(TASK INSTRUCTIONS): The reply is a verbatim copy of the listing below with its images dropped.

(RAW DATA):
_ _ _ _ _ _ _
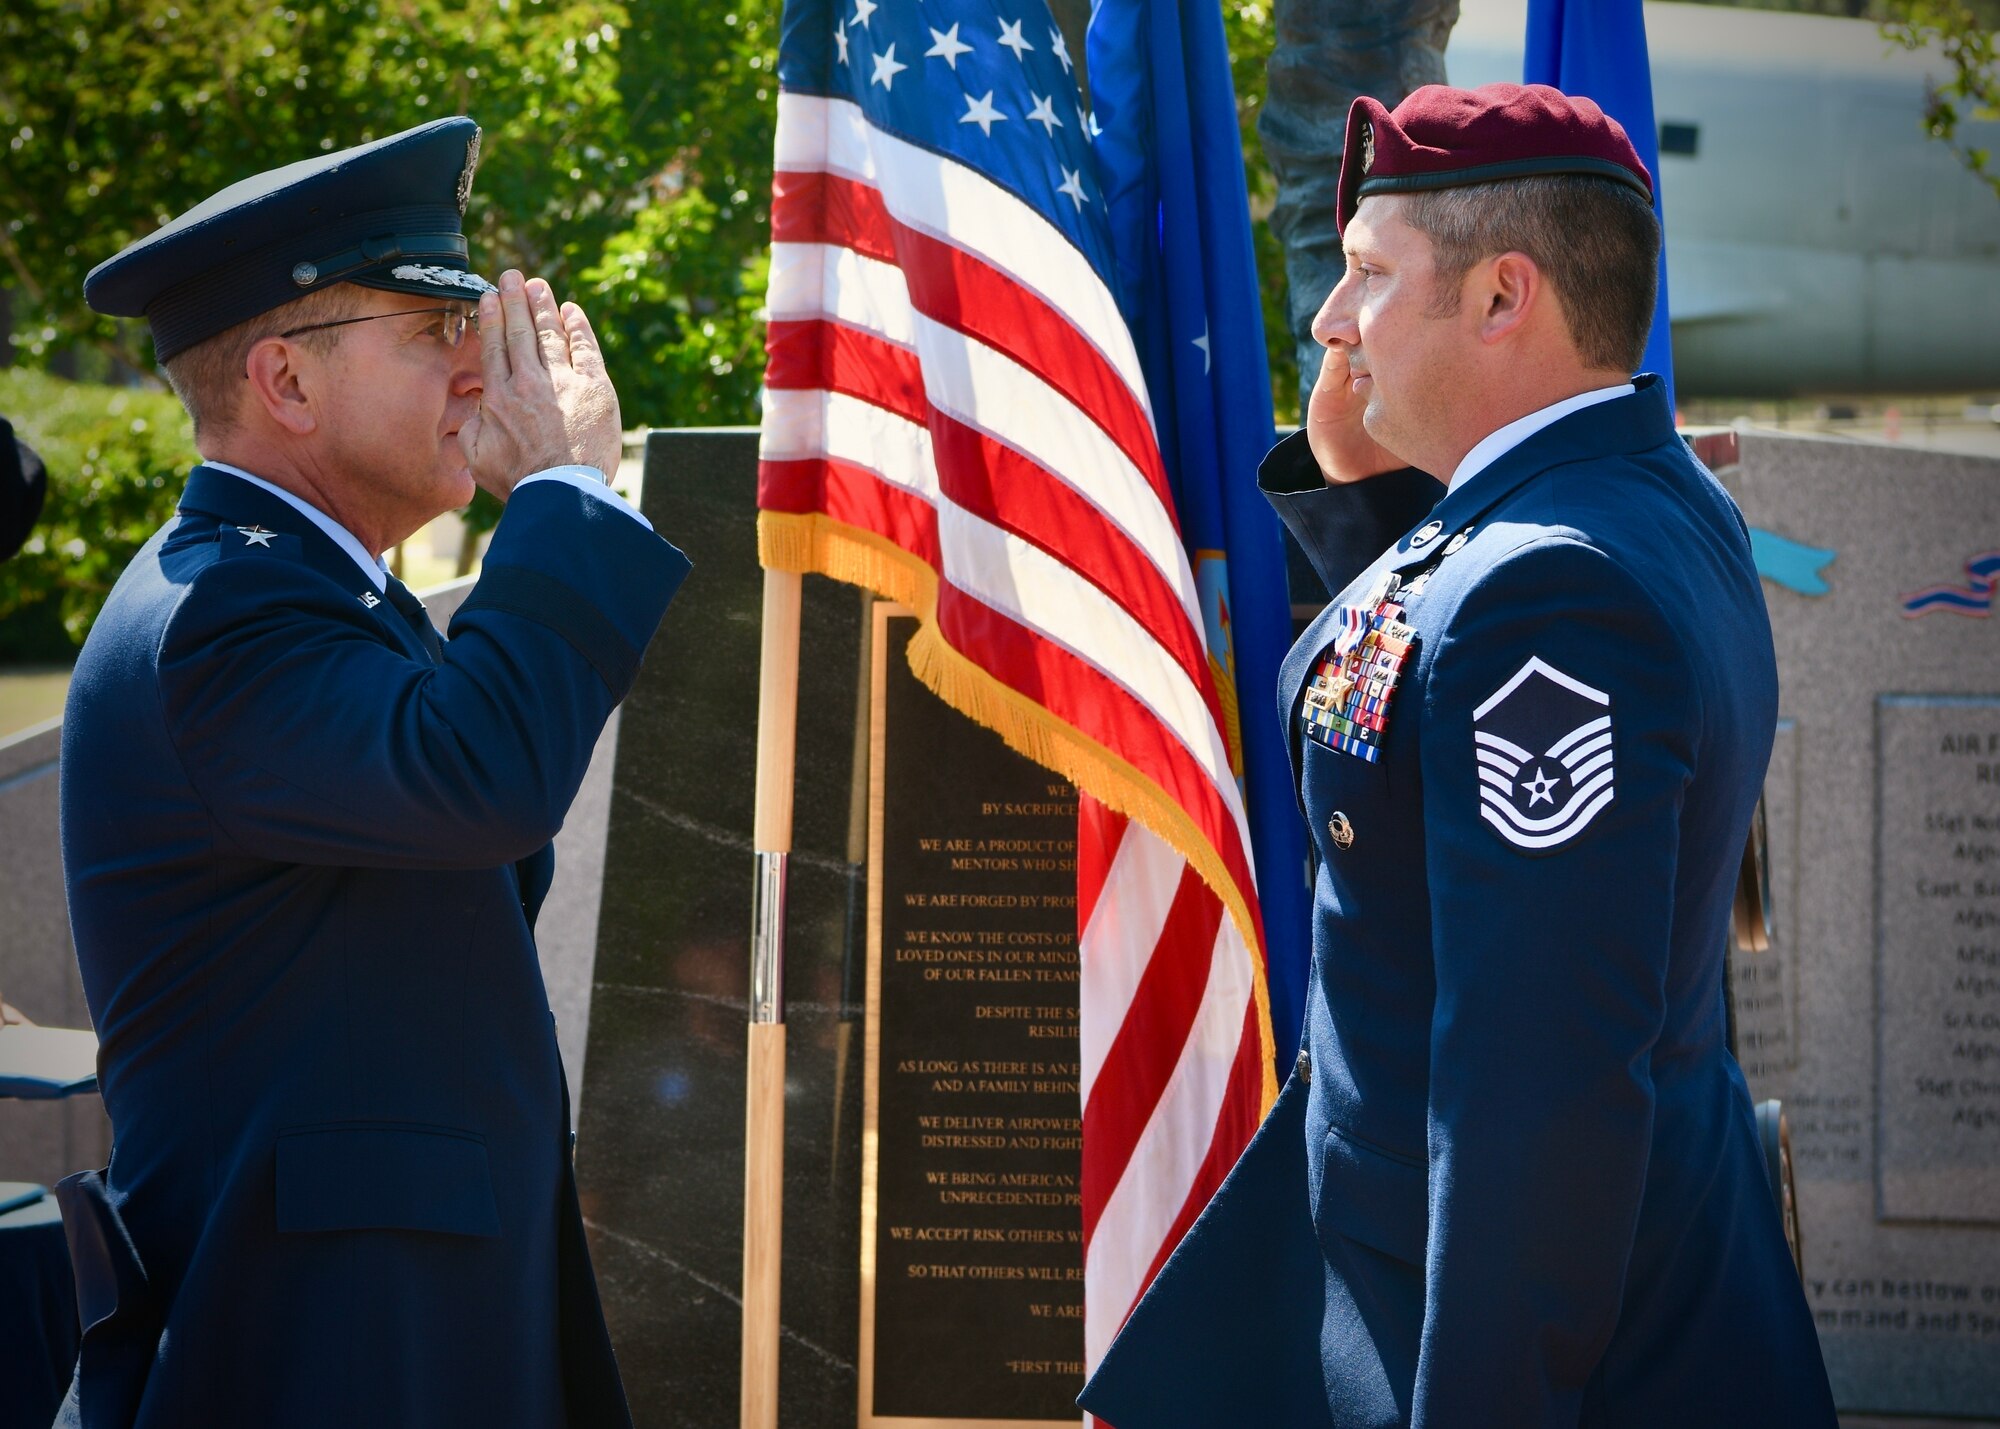 U.S. Air Force Lt. Gen. Jim Slife, commander of Air Force Special Operations Command, salutes Master Sgt. Cory Haggett, a special tactics operator with the 23d Special Tactics Squadron, 24th Special Operations Wing, after presenting him the Silver Star Medal during a ceremony May 13, 2022, at Hurlburt Field, Fla.  The Silver Star is the third-highest military combat decoration that can be awarded to a member of the United States Armed Forces.
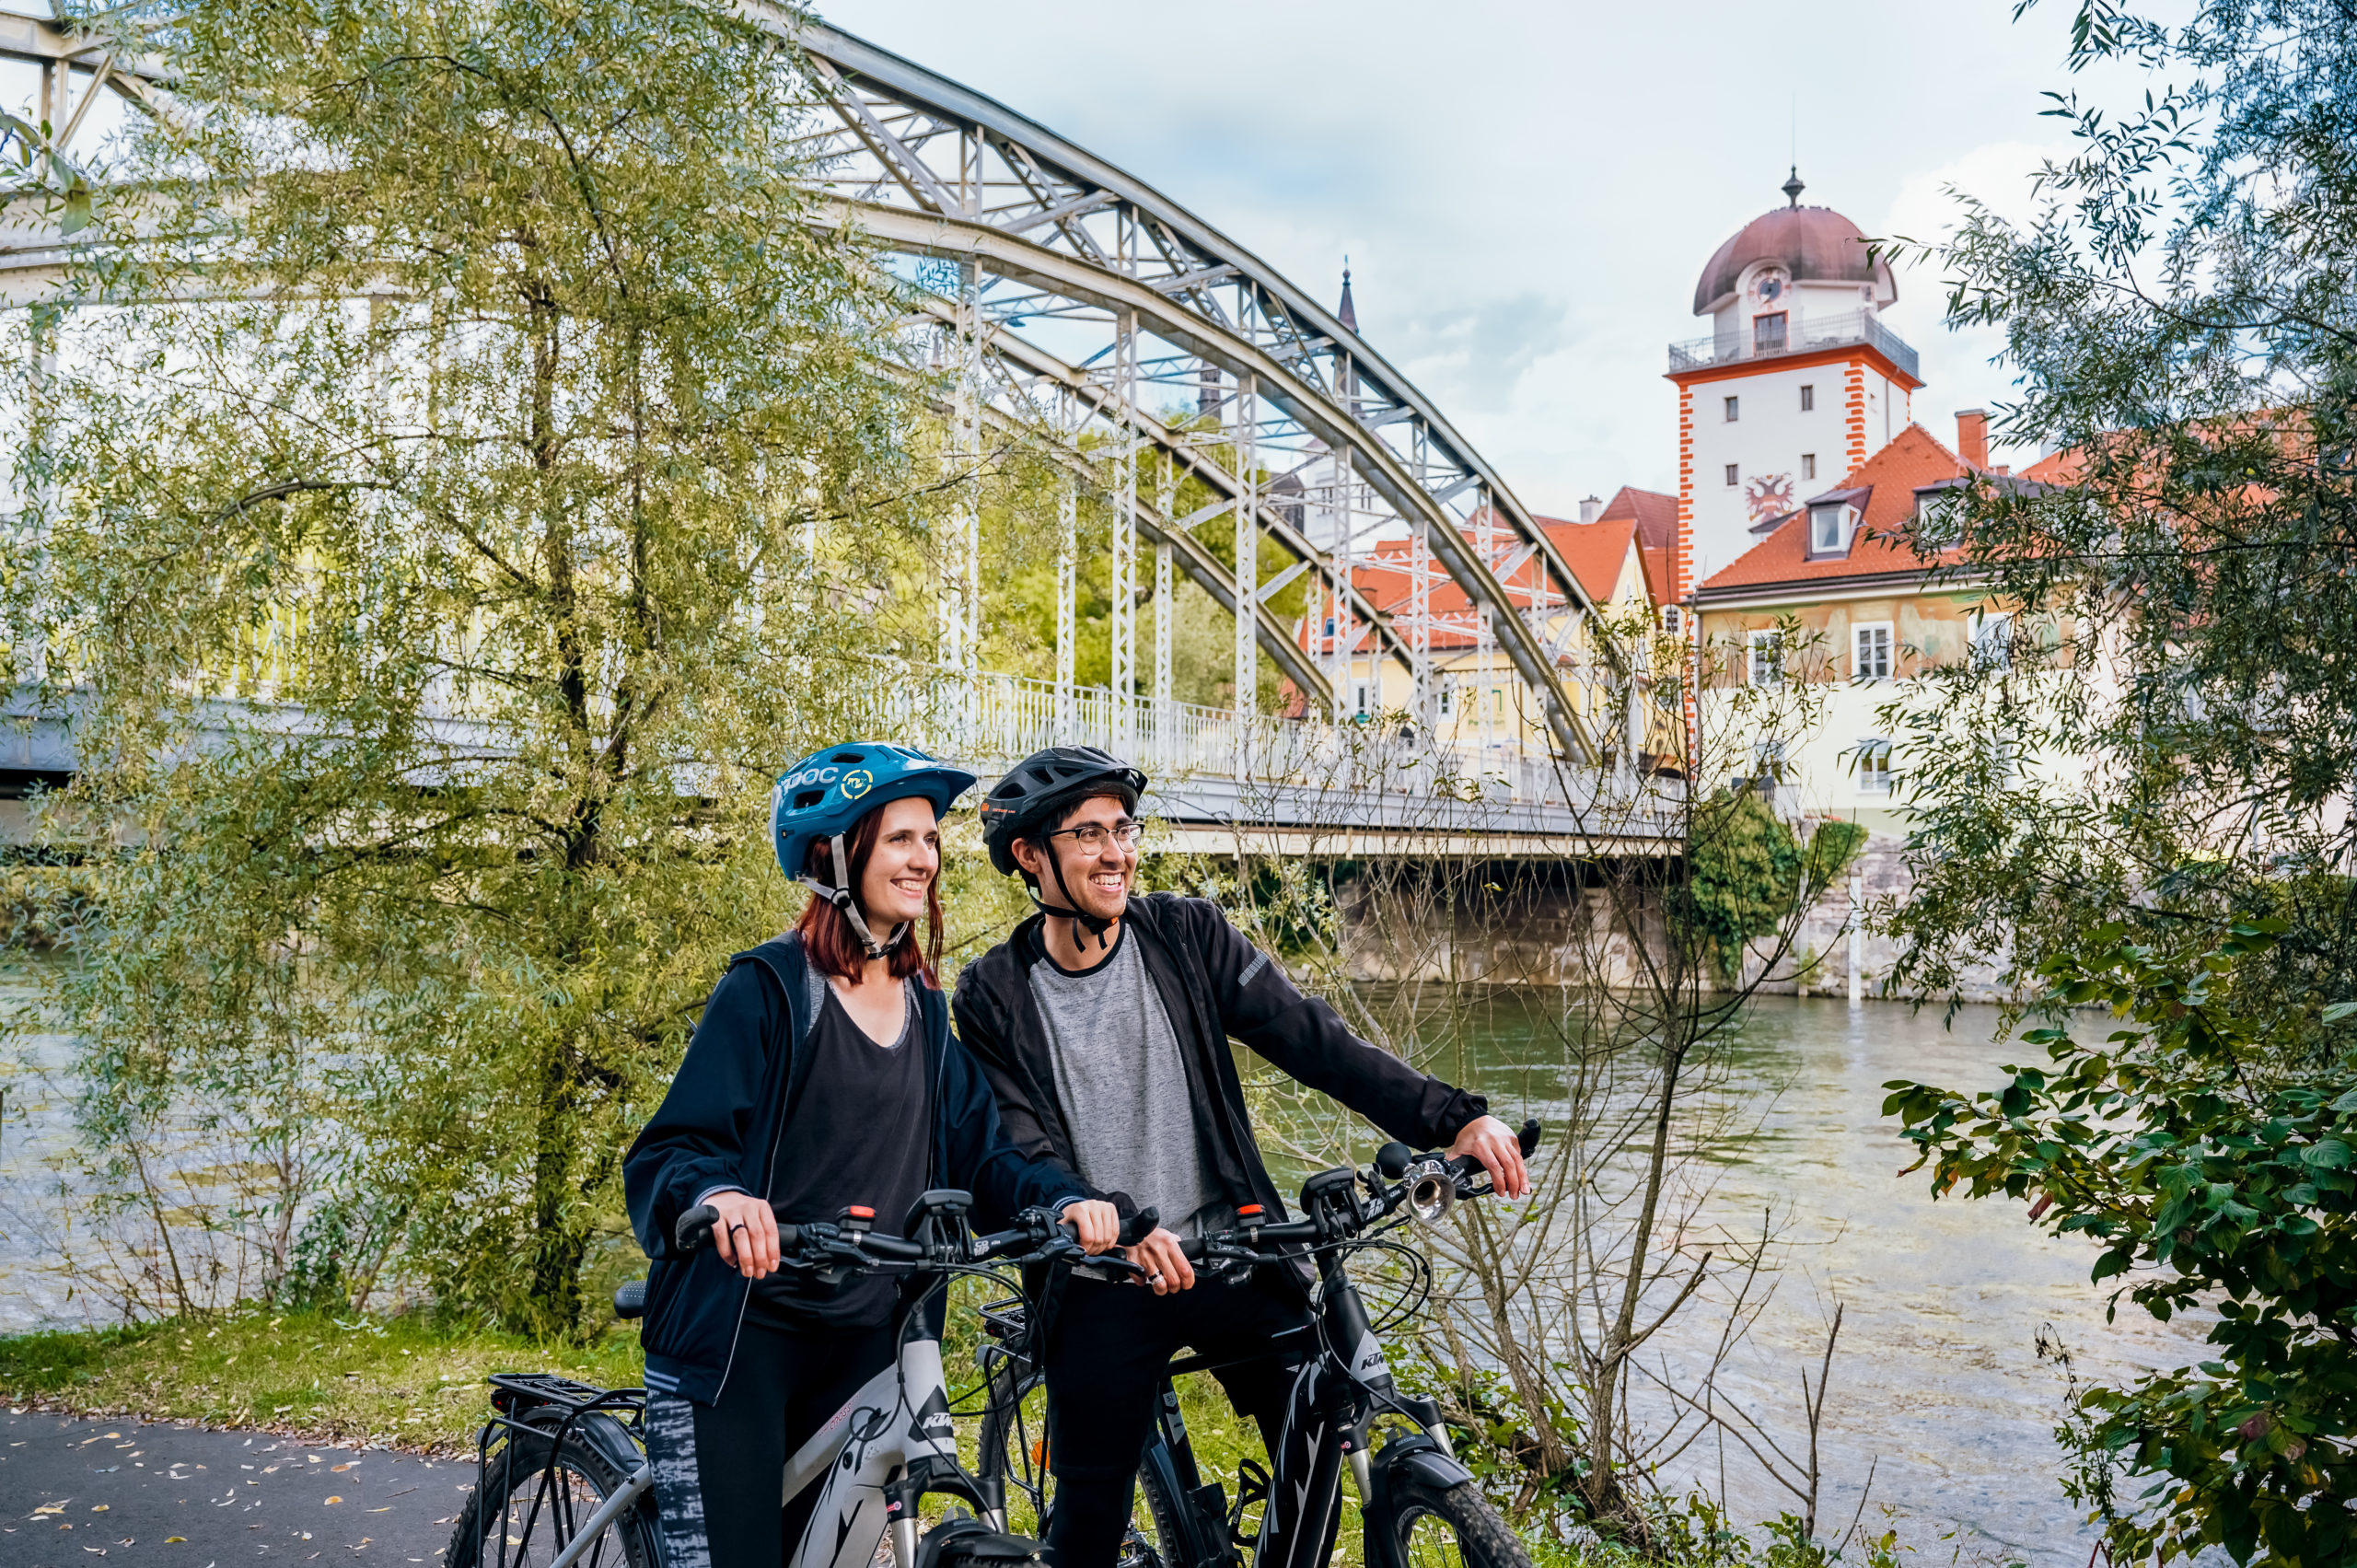 explore the city of Leoben by bike - a great vacation
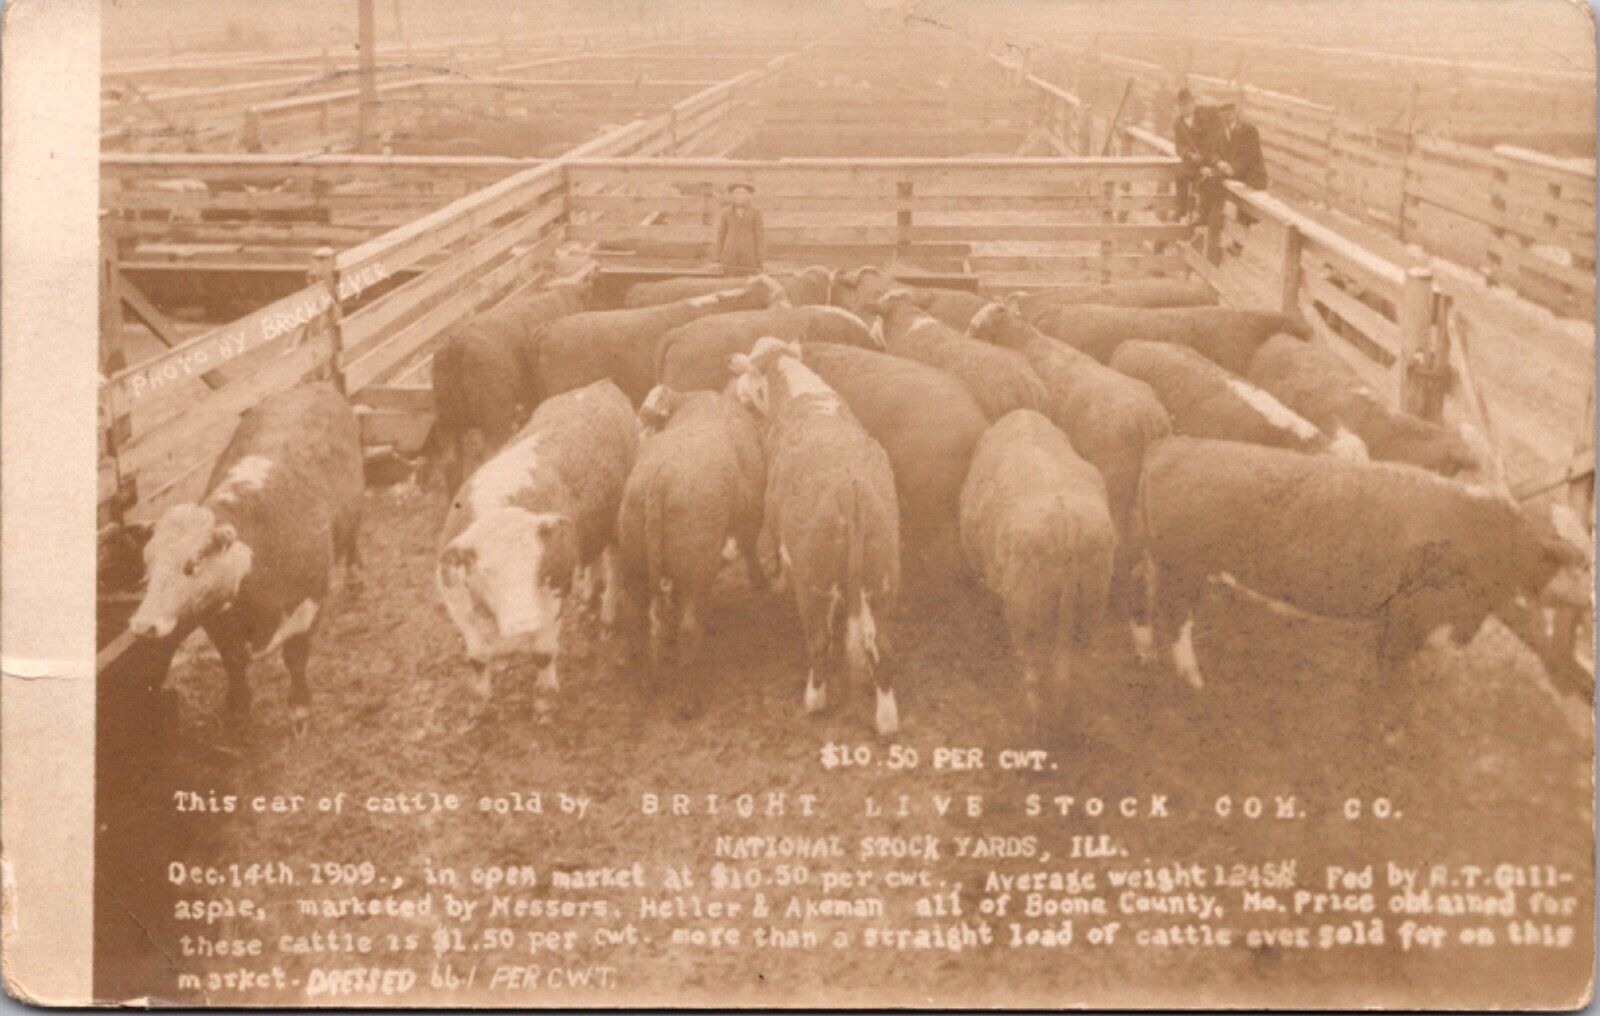 RPPC 1909 Cattle Sold by Bright Live Stock Yard Co National Stock Yards Illinois
_ _ _ _ _ _ _
(WRITTEN ANSWER):
 U.S. Air Force Lt. Gen. Jim Slife, commander of Air Force Special Operations Command, salutes Master Sgt. Cory Haggett, a special tactics operator with the 23d Special Tactics Squadron, 24th Special Operations Wing, after presenting him the Silver Star Medal during a ceremony May 13, 2022, at Hurlburt Field, Fla.  The Silver Star is the third-highest military combat decoration that can be awarded to a member of the United States Armed Forces.
 explore the city of Leoben by bike - a great vacation
 RPPC 1909 Cattle Sold by Bright Live Stock Yard Co National Stock Yards Illinois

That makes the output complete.